Question

If \( A = \left[ \begin{array}{ccc} 5 & 0 & 0 \\ 3 & 0 & 5 \\ 0 & 0 & 5 \end{array} \right] \), then \( A^3 \) is:

• A. \( \left[ \begin{array}{ccc} 125 & 0 & 0 \\ 0 & 125 & 0 \\ 0 & 0 & 125 \end{array} \right] \)
• B. \( \left[ \begin{array}{ccc} 125 & 0 & 0 \\ 0 & 0 & 125 \\ 0 & 0 & 125 \end{array} \right] \)
• C. \( \left[ \begin{array}{ccc} 15 & 0 & 0 \\ 0 & 45 & 0 \\ 0 & 0 & 15 \end{array} \right] \)
• D. \( \left[ \begin{array}{ccc} 5^3 & 0 & 0 \\ 0 & 5 & 0 \\ 0 & 0 & 5 \end{array} \right] \)

Hint:

For triangular matrices, powers preserve diagonal form with diagonal entries raised to the power.

Answer 1

The Correct Option is A

The matrix \( A \) is nearly diagonal, expressible as \( A = D + N \), where \( D \) is a diagonal matrix and \( N \) is nilpotent.
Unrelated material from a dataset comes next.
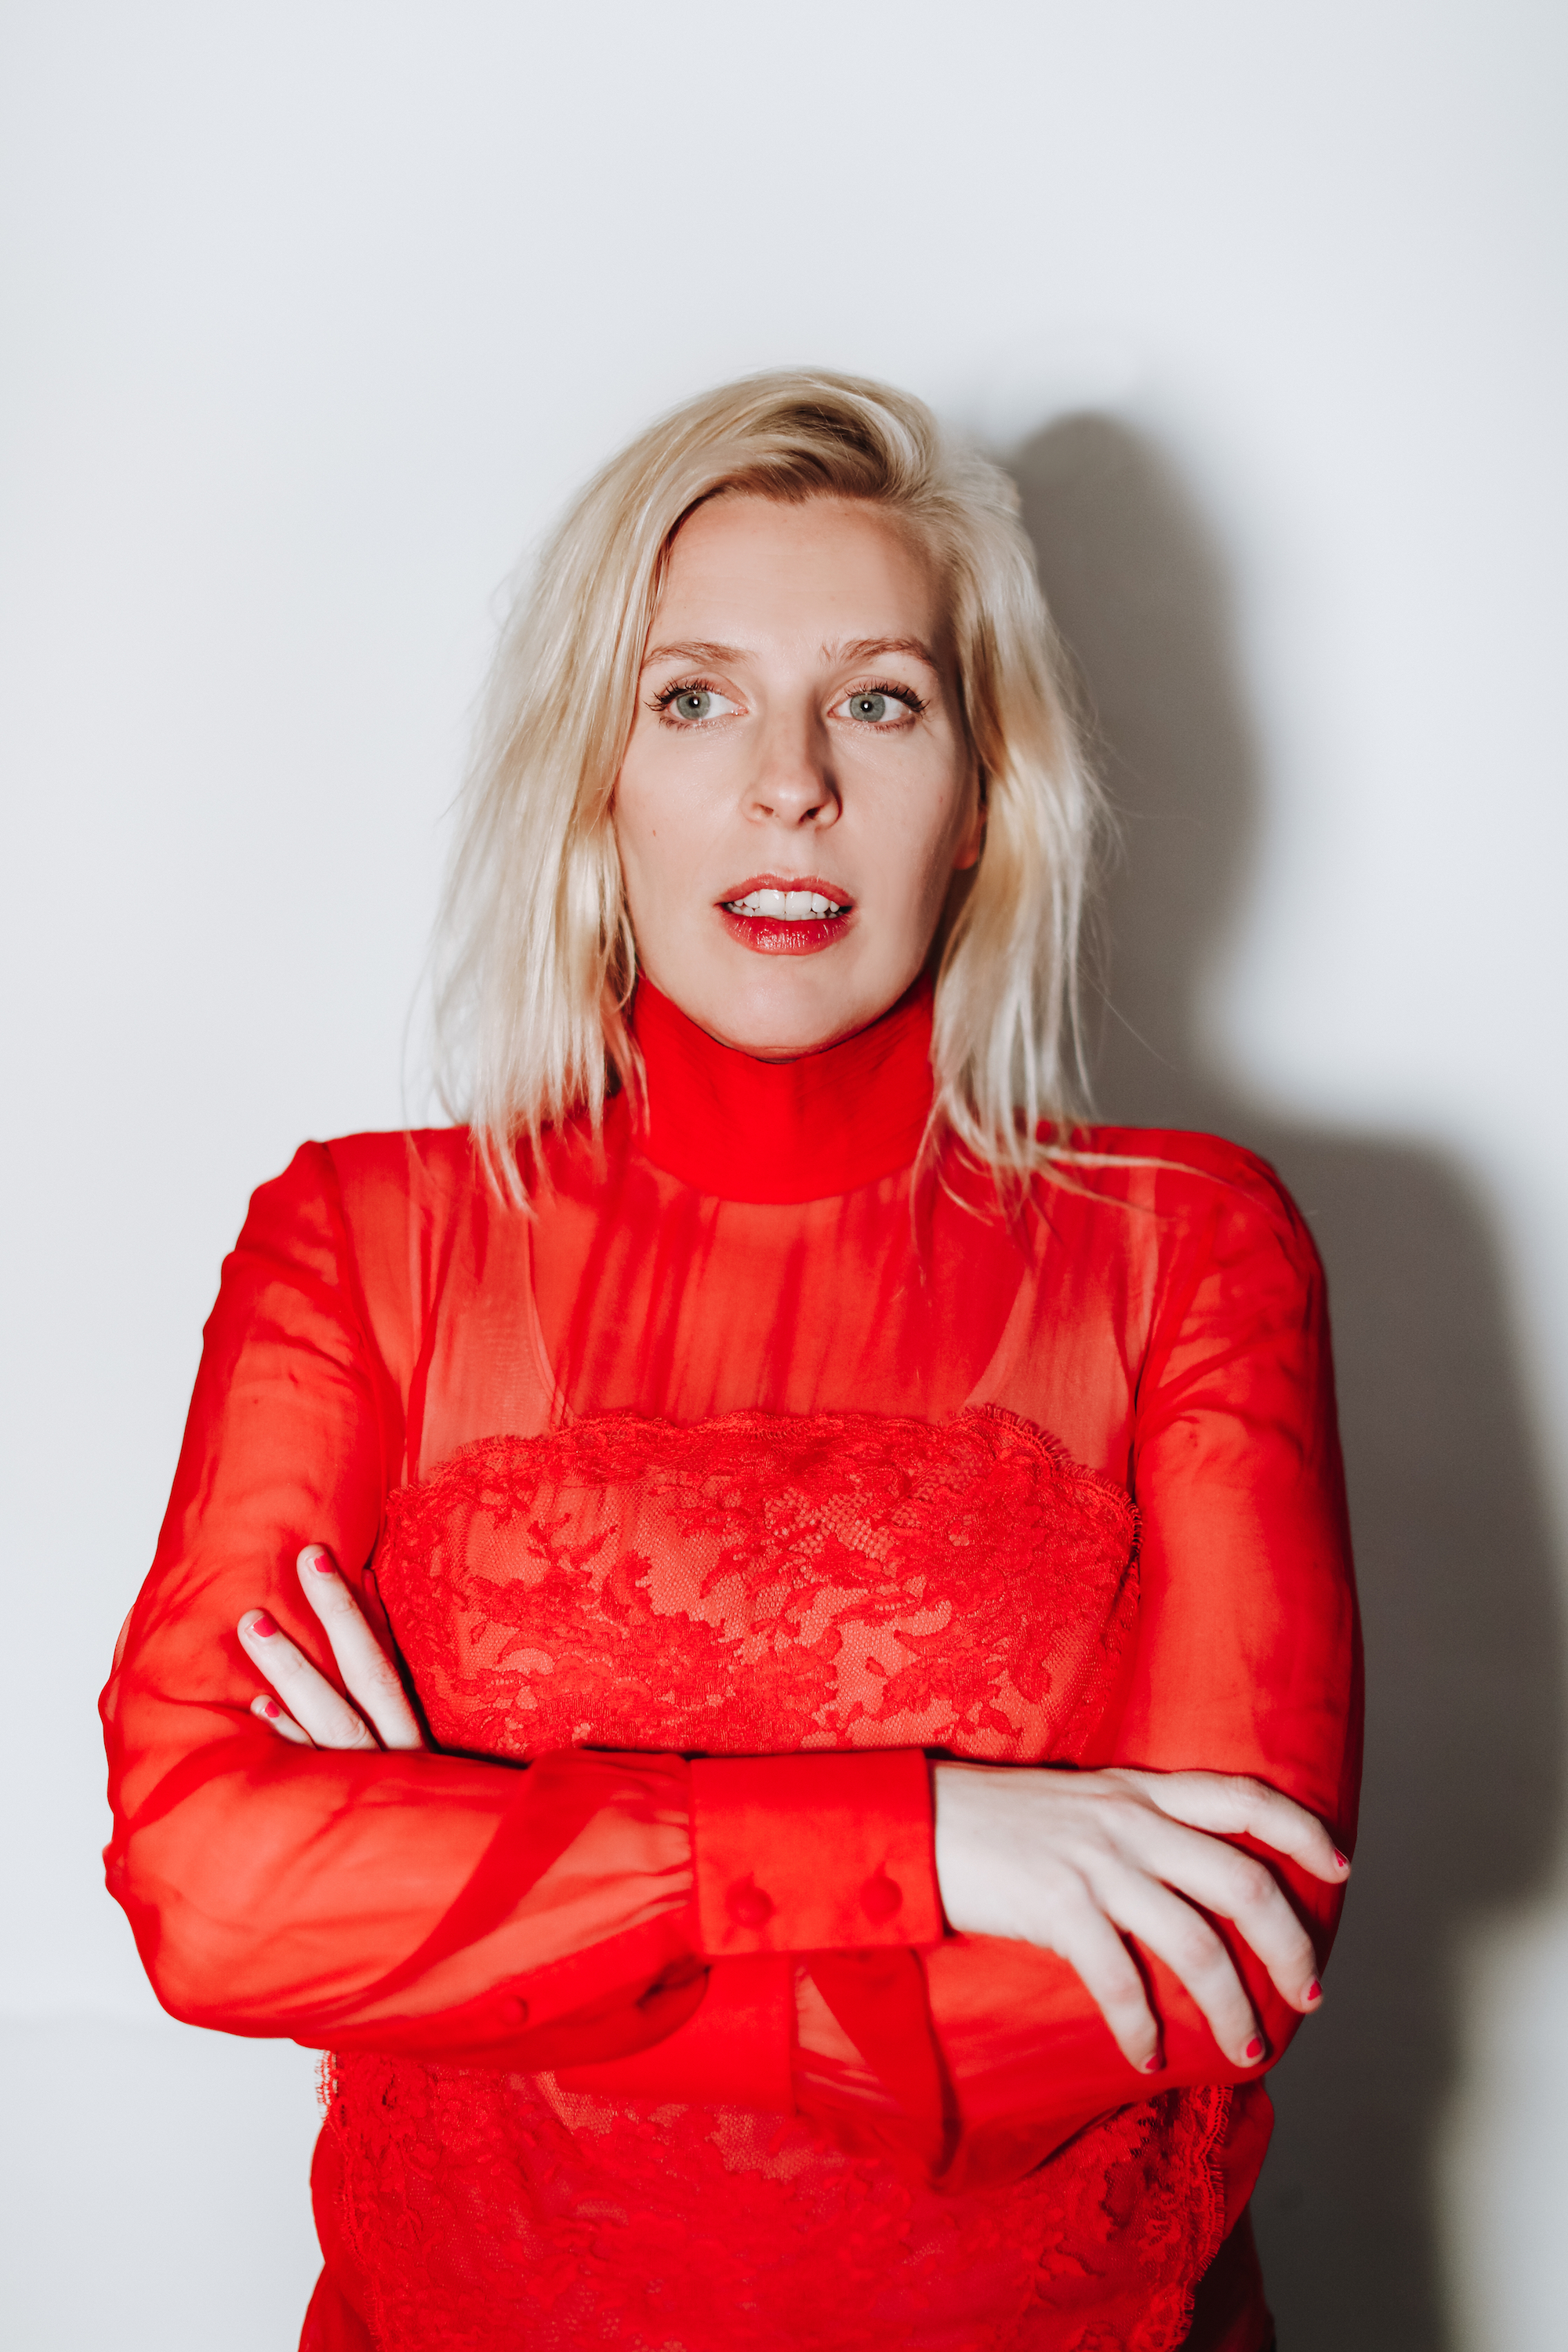 Sara Pascoe Interview discussing her new show success story

Alternatively, one can observe that all diagonal elements are 5 and \( A \) is upper triangular.
\[ A^3 = \left[ \begin{array}{ccc} 5 & 0 & 0 \\ 3 & 0 & 5 \\ 0 & 0 & 5 \end{array} \right]^3 \] As the diagonal eigenvalues are invariant under exponentiation and off-diagonal terms become zero, the cube of this matrix yields 125 on the diagonal and zeros elsewhere.